# Tabula

Tabula helps you liberate data tables trapped inside PDF files.

* [Download from the official site](http://tabula.nerdpower.org/)
* [Read more about Tabula on OpenNews Source](http://source.mozillaopennews.org/en-US/articles/introducing-tabula/)
* See also: [tabula-extractor](https://github.com/jazzido/tabula-extractor), the extraction library that powers Tabula. Also provides an experimental command-line interface.

© 2012-2014 Manuel Aristarán. Available under MIT License. See
[`AUTHORS.md`](AUTHORS.md) and [`LICENSE.md`](LICENSE.md).

## Why Tabula?

If you’ve ever tried to do anything with data provided to you in PDFs, you
know how painful this is — you can’t easily copy-and-paste rows of data out
of PDF files. Tabula allows you to extract that data in CSV format, through
a simple web interface ([Check out this short screencast](https://erika.makes.org/popcorn/16ll))

**Caveat**: Tabula only works on text-based PDFs, not scanned documents. If you can click-and-drag to select text in your table in a PDF viewer (even if the output is disorganized trash), then your PDF is text-based and Tabula should work.

## Using Tabula

First, make sure you have a recent copy of Java installed. You can
[download Java here][jre_download]. Tabula requires
a Java Runtime Environment compatible with Java 6 or Java 7.
If you have a problem, check [Known Issues](#knownissues) first, then [report an issue](http://www.github.com/jazzido/tabula/issues).

* ### Windows
  Download `tabula-win.zip` from [the download site][tabula_dl]. Unzip the whole thing
  and open the `tabula.exe` file inside. A browser should automatically open
  to http://127.0.0.1:8080/ . If not, open your web browser of choice and
  visit that link.

  To close Tabula, just go back to the console window and press "Control-C"
  (as if to copy).

  If you need Tabula to use a port other than 8080, set the `TABULA_PORT` environment variable.

* ###Mac OS X
  Download `tabula-mac.zip` from [the download site][tabula_dl]. Unzip and open
  the Tabula app inside. A browser should automatically open
  to http://127.0.0.1:8080/ . If not, open your web browser of choice and
  visit that link.

  To close Tabula, find the Tabula icon in your dock, right-click (or
  control-click) on it, and press "Quit".

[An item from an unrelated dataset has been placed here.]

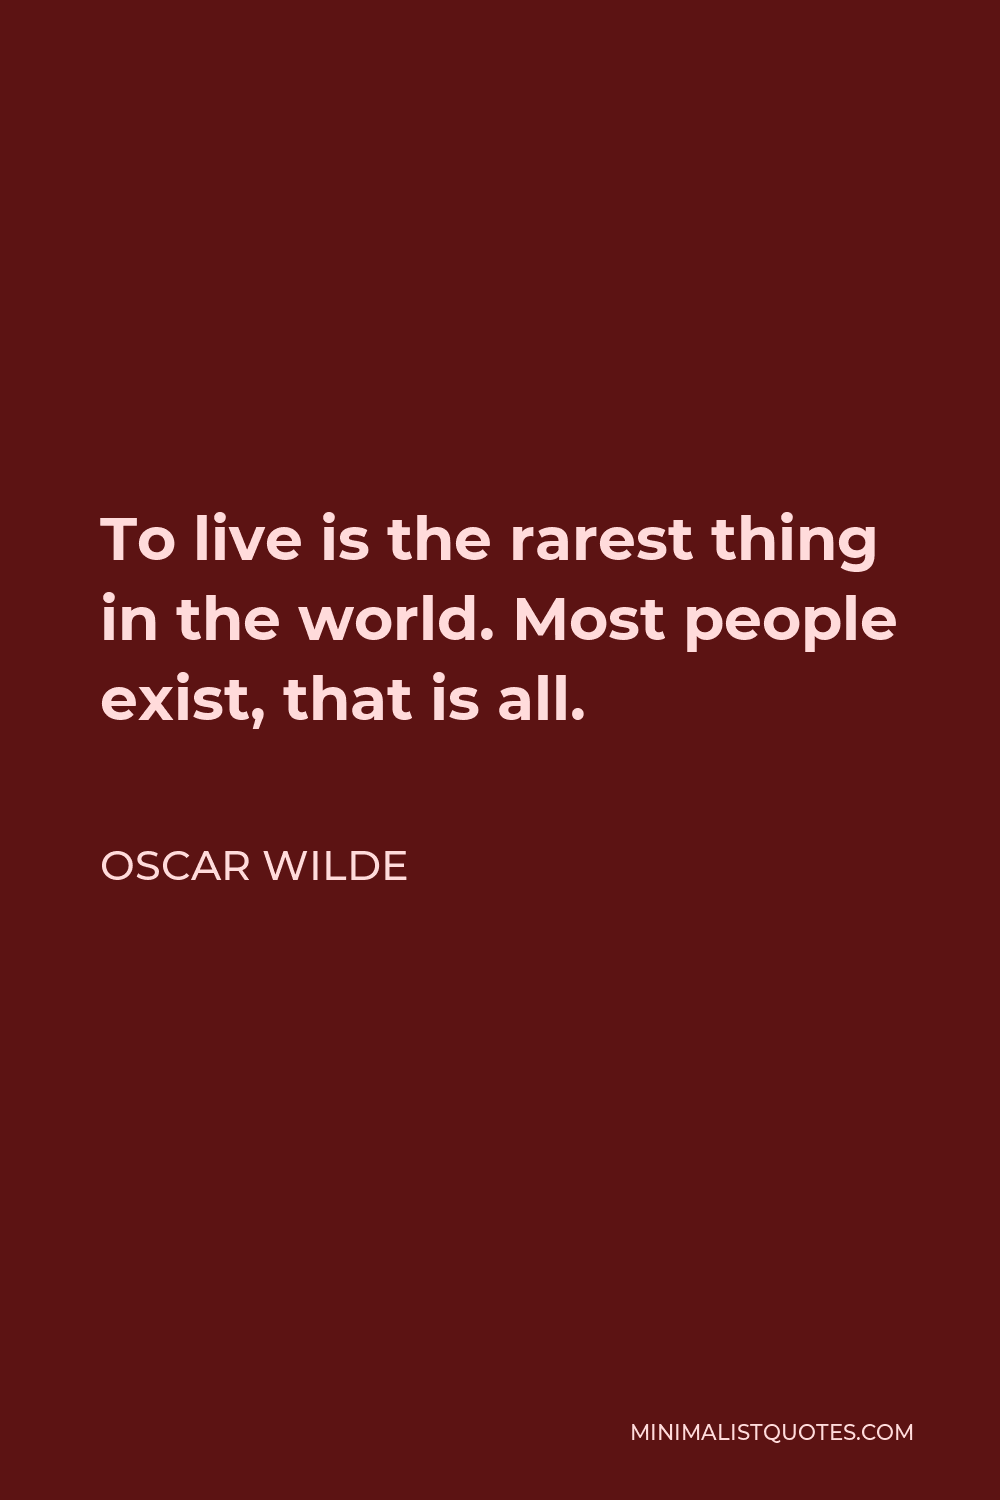 Oscar Wilde Quote - To live is the rarest thing in the world. Most people exist, that is all.

  Note: If you’re running Mac OS X 10.8 or later, you might get an error like "Tabula is damaged and can't be opened." We're working on fixing this, but click [here](#gatekeeper) for a workaround.

* ###Other platforms (e.g. Linux)
  Download `tabula-jar.zip` from [the download site][tabula_dl] and unzip it
  to the directory of your choice. Open a terminal window, and `cd` to inside
  the `tabula` directory you just unzipped. Then run:

  `java -Dfile.encoding=utf-8 -Xms256M -Xmx1024M -jar tabula.jar`

  Tabula binds to port 8080 by default. You can change it with the `jetty.port` property:

  `java -Dfile.encoding=utf-8 -Xms256M -Xmx1024M -Djetty.port=9999 -jar tabula.jar`

If the program fails to run, double-check that you have [Java installed][jre_download]
and then try again.

[jre_download]: https://www.java.com/download/
[tabula_dl]: http://jazzido.github.io/tabula/

## <a name="knownissues">Known issues</a>

There are some bugs that we're aware of that we haven't managed to fix yet. If there's not a solution here or you need more help, please go ahead and [report an issue](http://www.github.com/jazzido/tabula/issues).

* <a name='gatekeeper'>**"Tabula is damaged and can't be opened"** (Mac)</a>:
  If you’re running Mac OS X 10.8 or later, GateKeeper may prevent you from opening
  the Tabula app. Please [see this GateKeeper page][gatekeeper] for more information.

  1. Right-click on Tabula.app and select Open from the context menu.
  2. The system will tell you that the application is "from an unidentified developer" and ask you whether you want to open it. Click Open to allow the application to run. The system remembers this choice and won't prompt you again.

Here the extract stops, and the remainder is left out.